Every meal you eat now costs the planet 10 kilos in lost topsoil.
That's the warning of "Surviving the 21st Century" author Julian Cribb to an international soil science conference in Queenstown, New Zealand on Dec 15, 2016.
"10 kilos of topsoil, 800 litres of water, 1.3 litres of diesel, 0.3g of pesticide and 3.5 kilos of carbon dioxide – that's what it takes to deliver one meal, for just one person," Cribb says.
"When you multiply it by 7 to 10 billion people each eating around a thousand meals a year, you can see why food is fast becoming the challenge of our age."
"The human jawbone is now by far the most destructive implement on the planet. It's wrecking soil and water, clearing forests, emptying oceans of fish and destroying wildlife as never before – but few people realise it because of long industrial food-chains that hide the damage from them," he says.
Do the 10 kg of lost topsoil result in 10 kg of night soil?

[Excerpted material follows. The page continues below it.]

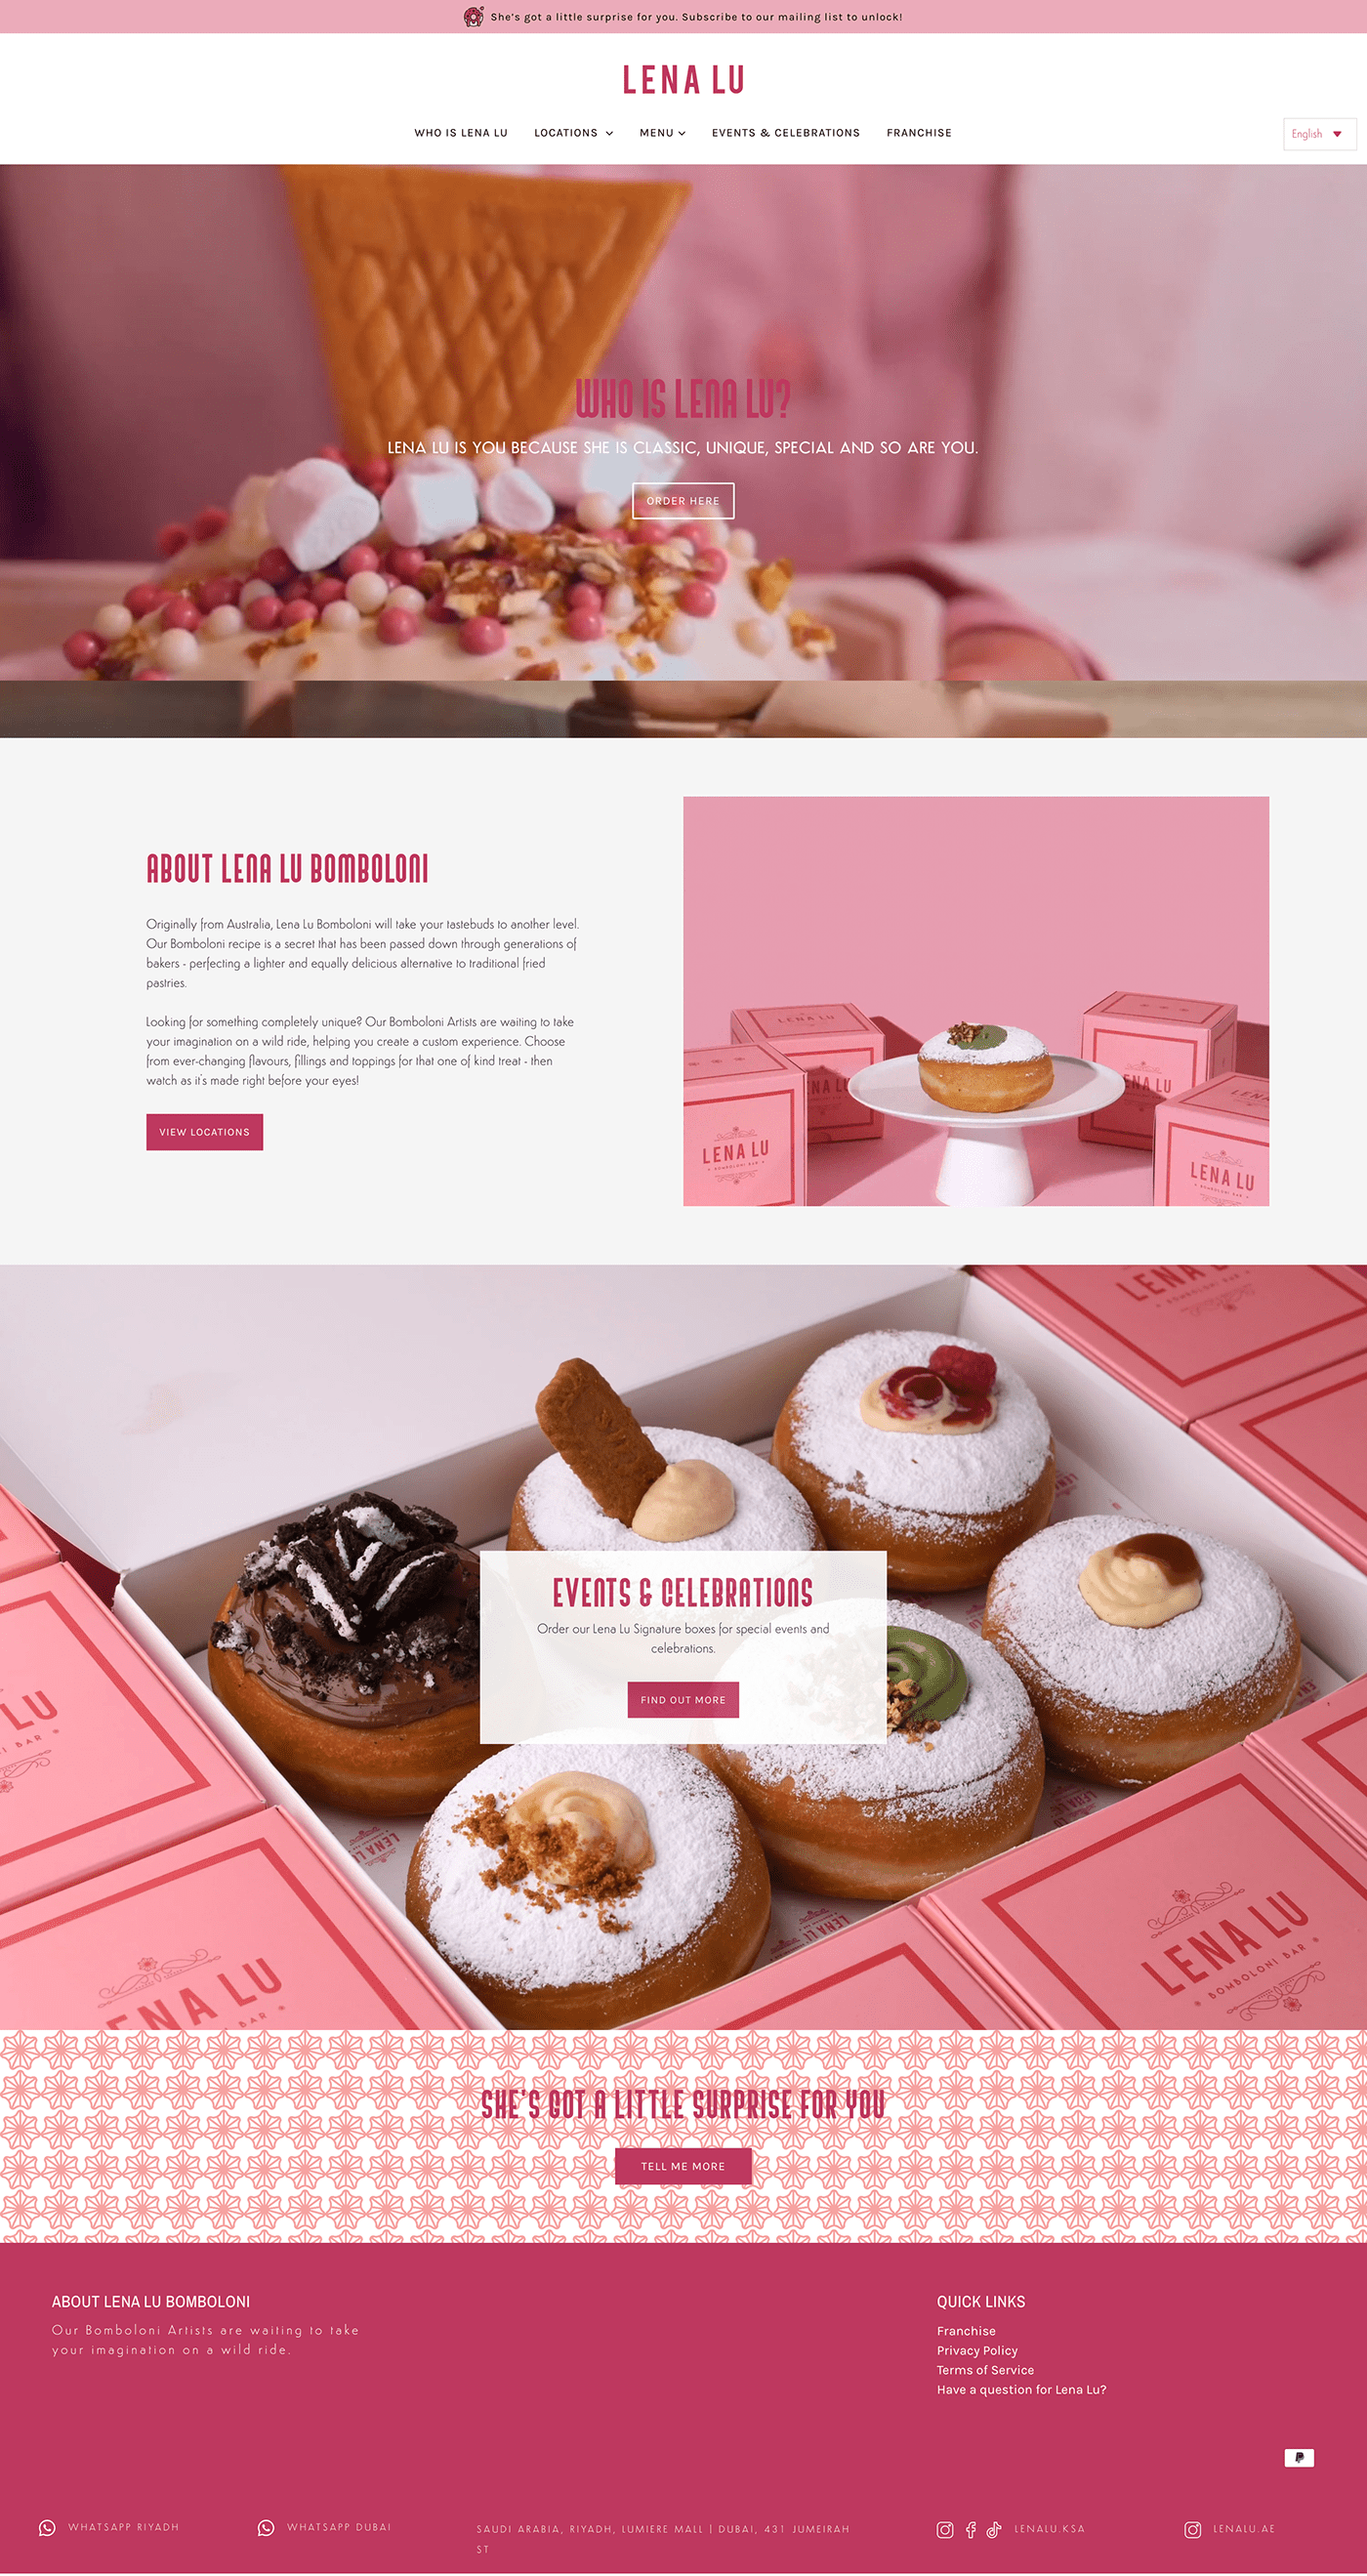 shopify store ecommerce website shopify store design Theme Customization dropshipping store Shopify Design bomboloni Bomboloni Shop Bomboloni store

(Score: 2) by istartedi on Saturday December 17 2016, @12:22AM
If the mere eating of a meal depleted topsoil, there would be
no such thing as topsoil since all the myriad lifeforms on Earth
and all the meals they've eaten over time would have long since
depleted it. So. What the article really means is that some farmers
are currently engaging in unsustainable practices that deplete the
topsoil. They need to stop that; but the headline is pure Henny-Penny,
and I'm not going to bother reading anything that leads off like that.